In reply to your comments:

a) The two outside fans seem to be working properly because they cycle on and off as the temperature of the condenser fins changes in response to the heaters turning on and off

b) My neighbor had borrowed a number of thermometers from other neighbors---at one time he had 5 different thermometers in there! I had him fill a small plastic bottle with water and poke a hole in the cap through which he inserted the shaft of a small stem thermometer, and this we placed on the top shelf of the refrigerator under the thermistor. Prior to doing this we checked the accuracy of that thermometer by placing its stem in a beaker full of ice cold water, ensuring it read close to 32 degrees.

c) Regarding the "automatic cooling unit cycling system": I had read about that in the manual and concluded it shouldn't be a factor at this point in time because we've turned the refrigerator off a number of times in the last couple of days to test various components, and that cycle isn't initiated until 60 hours after the refer is turned on

d) This afternoon I asked him to switch the refer to LP and run it that way for 24 hours. I'll check back with him tomorrow afternoon and report back what I find.

e) Regarding air leaks: One of the freezer doors isn't sealing properly as evidenced by the dollar bill test, but at this point I don't think it is the main culprit.

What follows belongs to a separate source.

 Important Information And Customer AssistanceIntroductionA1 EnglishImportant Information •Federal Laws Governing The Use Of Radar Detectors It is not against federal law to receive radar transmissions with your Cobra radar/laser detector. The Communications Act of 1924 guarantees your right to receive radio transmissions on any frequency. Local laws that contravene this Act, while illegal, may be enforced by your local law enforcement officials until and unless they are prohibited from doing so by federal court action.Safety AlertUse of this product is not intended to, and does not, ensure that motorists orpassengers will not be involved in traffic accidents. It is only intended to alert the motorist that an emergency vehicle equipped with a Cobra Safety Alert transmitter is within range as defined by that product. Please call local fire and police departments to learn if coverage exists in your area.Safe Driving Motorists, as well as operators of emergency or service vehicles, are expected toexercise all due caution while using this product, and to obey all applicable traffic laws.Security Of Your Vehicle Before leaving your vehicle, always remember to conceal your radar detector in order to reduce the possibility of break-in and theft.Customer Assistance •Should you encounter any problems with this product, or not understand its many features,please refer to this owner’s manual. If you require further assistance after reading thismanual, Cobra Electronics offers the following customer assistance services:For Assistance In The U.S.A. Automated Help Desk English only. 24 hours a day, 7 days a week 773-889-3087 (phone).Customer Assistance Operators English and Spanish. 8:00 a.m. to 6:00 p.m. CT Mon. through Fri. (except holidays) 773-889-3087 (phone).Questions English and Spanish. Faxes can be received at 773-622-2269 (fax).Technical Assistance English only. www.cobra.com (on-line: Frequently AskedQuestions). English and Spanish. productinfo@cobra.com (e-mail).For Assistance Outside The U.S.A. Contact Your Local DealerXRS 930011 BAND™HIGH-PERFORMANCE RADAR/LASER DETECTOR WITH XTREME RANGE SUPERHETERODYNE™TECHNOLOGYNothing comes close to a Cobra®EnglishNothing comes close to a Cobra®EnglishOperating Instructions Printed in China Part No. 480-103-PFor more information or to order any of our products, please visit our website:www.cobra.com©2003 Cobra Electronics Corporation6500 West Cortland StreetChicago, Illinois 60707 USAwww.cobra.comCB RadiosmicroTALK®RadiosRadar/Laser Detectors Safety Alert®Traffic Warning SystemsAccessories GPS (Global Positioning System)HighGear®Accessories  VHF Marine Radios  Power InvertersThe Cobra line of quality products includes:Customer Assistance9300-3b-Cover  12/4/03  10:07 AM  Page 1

I did not look closely at the drip tray drain tube---I'll try to remember to do that tomorrow---but I do recall seeing the check valve.

f) I did not perform the upper display panel tests, but I'll take a look tomorrow to see how long the refrigerator doors would need to be open to do so---we're trying to keep the doors closed as much as possible because he needs to keep the food as cold as possible.

C_B_
Explorer
Explorer
After chasing all the supposed fixes for 2 years to make my RM1350 operate properly I cured the problem!!!

It's called Samsung RT21M6213SG/AA







I'll admit this cure is not cheap.

BUT------ Freezer keeps ice cream hard.

Refrigerator has not gone above 35 degrees.


Went from 13.5 cu. ft. to 21.2 cu. ft.


If anyone is interested the RM1350 with all the fans and duct work are out in the shed.



C.B.
CBVP2004~FORD~F350~CC~LARIAT~SRW~SB~4X4~6.0D~
AUTO~PULLRITE 16K SUPERGLIDE~DEMCO GLIDERIDE~
PRODIGY CONTROLLER~C-BETR MIRRORS~EMS-HW50C~

Butch/Barb=2013-Cedar Creek 36CKTS
Kris/Katy=2006-Cherokee 32B

YC_1
Nomad
Nomad
Great advice:

Fans must be working. Remove the upper outside panel and look inside. If you can't peek down then use a camera to see if there are some fans. There should be a snap thermistor that controls them. You might be able to trace the wires down to find it. A simple alligator clip will bypass it for testing.

The other thing is the vent tubes. If they are cracked they let in warm air. If you need to replace them you might be able to slide the refer forward just a bit after finding all the hidden screws holding it in place. Front and back of course.
H/R Endeavor 2008
Ford F150 toad >Full Timers
Certified Senior Electronic Technician, Telecommunications Engineer, Telecommunications repair Service Center Owner, Original owner HR 2008

midnightsadie
Explorer II
Explorer II
listen to old biscuit, he knows his stuff. one other thing ,it takes about 12hrs or more for these frigs to get cold.